MINI: A modified selective anesthetics delivery rabbit model was used validated to a better preferential anesthesia than previous models. Furthermore, we found evidence that primarily the spinal cord mediated the skeletal muscle relaxation action of sevoflurane. STUDY DESIGN: A randomized, in vivo study was performed to explore the skeletal muscle relaxation action site of sevoflurane. OBJECTIVE: The aim of this study was to investigate the skeletal muscle relaxation action of sevoflurane by a modified selective anesthetics delivery rabbit model. SUMMARY OF BACKGROUND DATA: The action site and mechanisms of skeletal muscle relaxation caused by sevoflurane were unclear, so a modified selective anesthetics delivery model was used. METHODS: Sixteen male New Zealand White rabbits were randomly assigned to the sevoflurane or sham group.

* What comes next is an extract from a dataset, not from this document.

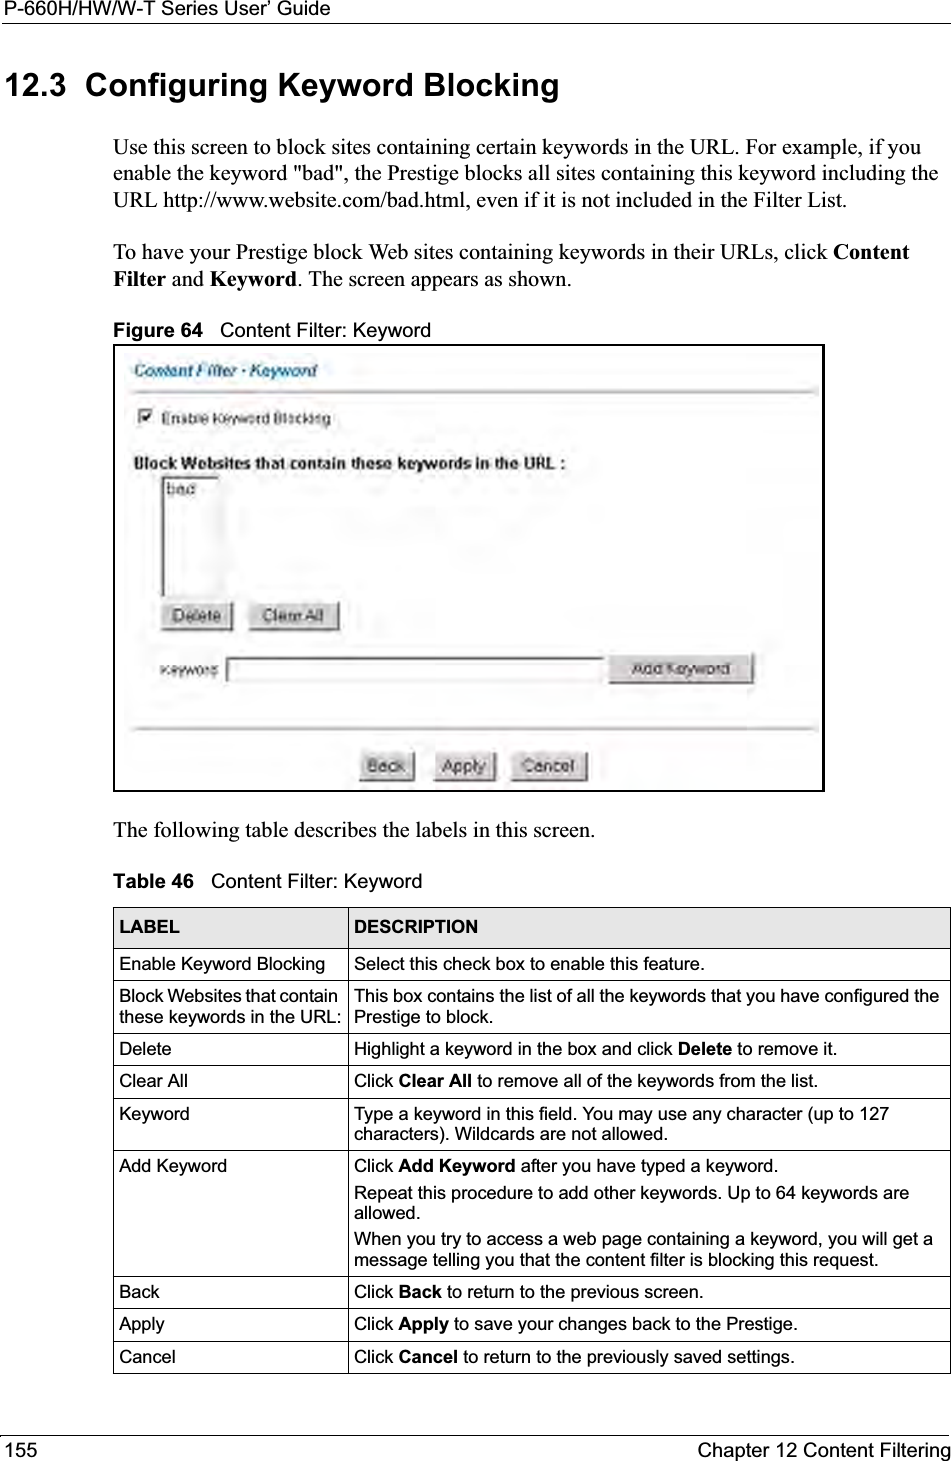 P-660H/HW/W-T Series User’ Guide155 Chapter 12 Content Filtering12.3  Configuring Keyword BlockingUse this screen to block sites containing certain keywords in the URL. For example, if you enable the keyword &quot;bad&quot;, the Prestige blocks all sites containing this keyword including the URL http://www.website.com/bad.html, even if it is not included in the Filter List. To have your Prestige block Web sites containing keywords in their URLs, click Content Filter and Keyword. The screen appears as shown.Figure 64   Content Filter: KeywordThe following table describes the labels in this screen.  Table 46   Content Filter: KeywordLABEL DESCRIPTIONEnable Keyword Blocking Select this check box to enable this feature.Block Websites that contain these keywords in the URL:This box contains the list of all the keywords that you have configured the Prestige to block. Delete  Highlight a keyword in the box and click Delete to remove it. Clear All  Click Clear All to remove all of the keywords from the list.Keyword Type a keyword in this field. You may use any character (up to 127 characters). Wildcards are not allowed.Add Keyword Click Add Keyword after you have typed a keyword. Repeat this procedure to add other keywords. Up to 64 keywords are allowed.When you try to access a web page containing a keyword, you will get a message telling you that the content filter is blocking this request.Back Click Back to return to the previous screen.Apply Click Apply to save your changes back to the Prestige.Cancel Click Cancel to return to the previously saved settings.

In situ measurement of train of four, maximum single twitch, and tetanic muscle force of left tibialis anterior muscle was repeatedly measured at three time points: at the beginning of lower torso bypass (baseline value), during preferential sevoflurane delivery to the brain (brain value), during preferential sevoflurane delivery to the spinal cord (spinal cord value). RESULTS: When 1.5MAC sevoflurane was administrated via the lungs, the arterial concentration and partial pressure of sevoflurane in the upper torso were 205.27 ± 16.23 μg/mL and 29.16 ± 1.05 mmHg, whereas in the lower torso bypass circulation were 10.39 ± 4.50 μg/mL and 1.79 ± 0.97 mmHg. Conversely, the arterial concentration and partial pressure of sevoflurane in the upper torso were 14.04 ± 5.33 μg/mL and 2.25 ± 0.84 mmHg, whereas those values were 199.38 ± 11.61 μg/mLl and 29.20 ± 1.08 mmHg in the lower torso, when 1.5MAC sevoflurane was delivered via an oxygenator. In sevoflurane group, maximum single twitch and tetanic muscle force were significantly reduced compared with baseline (single: P = 0.046; tetanic: P = 0.001) or brain values (single: P = 0.005; tetanic: P = 0.001), when spinal cord was selectively anesthetized. In the sham group, there were no significant differences among the three conditions compared. CONCLUSION: A modified selective anesthetics delivery rabbit model has been validated, which provided evidence that the spinal cord, not the brain, was the primary site mediating the skeletal muscle relaxation action of sevoflurane. LEVEL OF EVIDENCE: 5.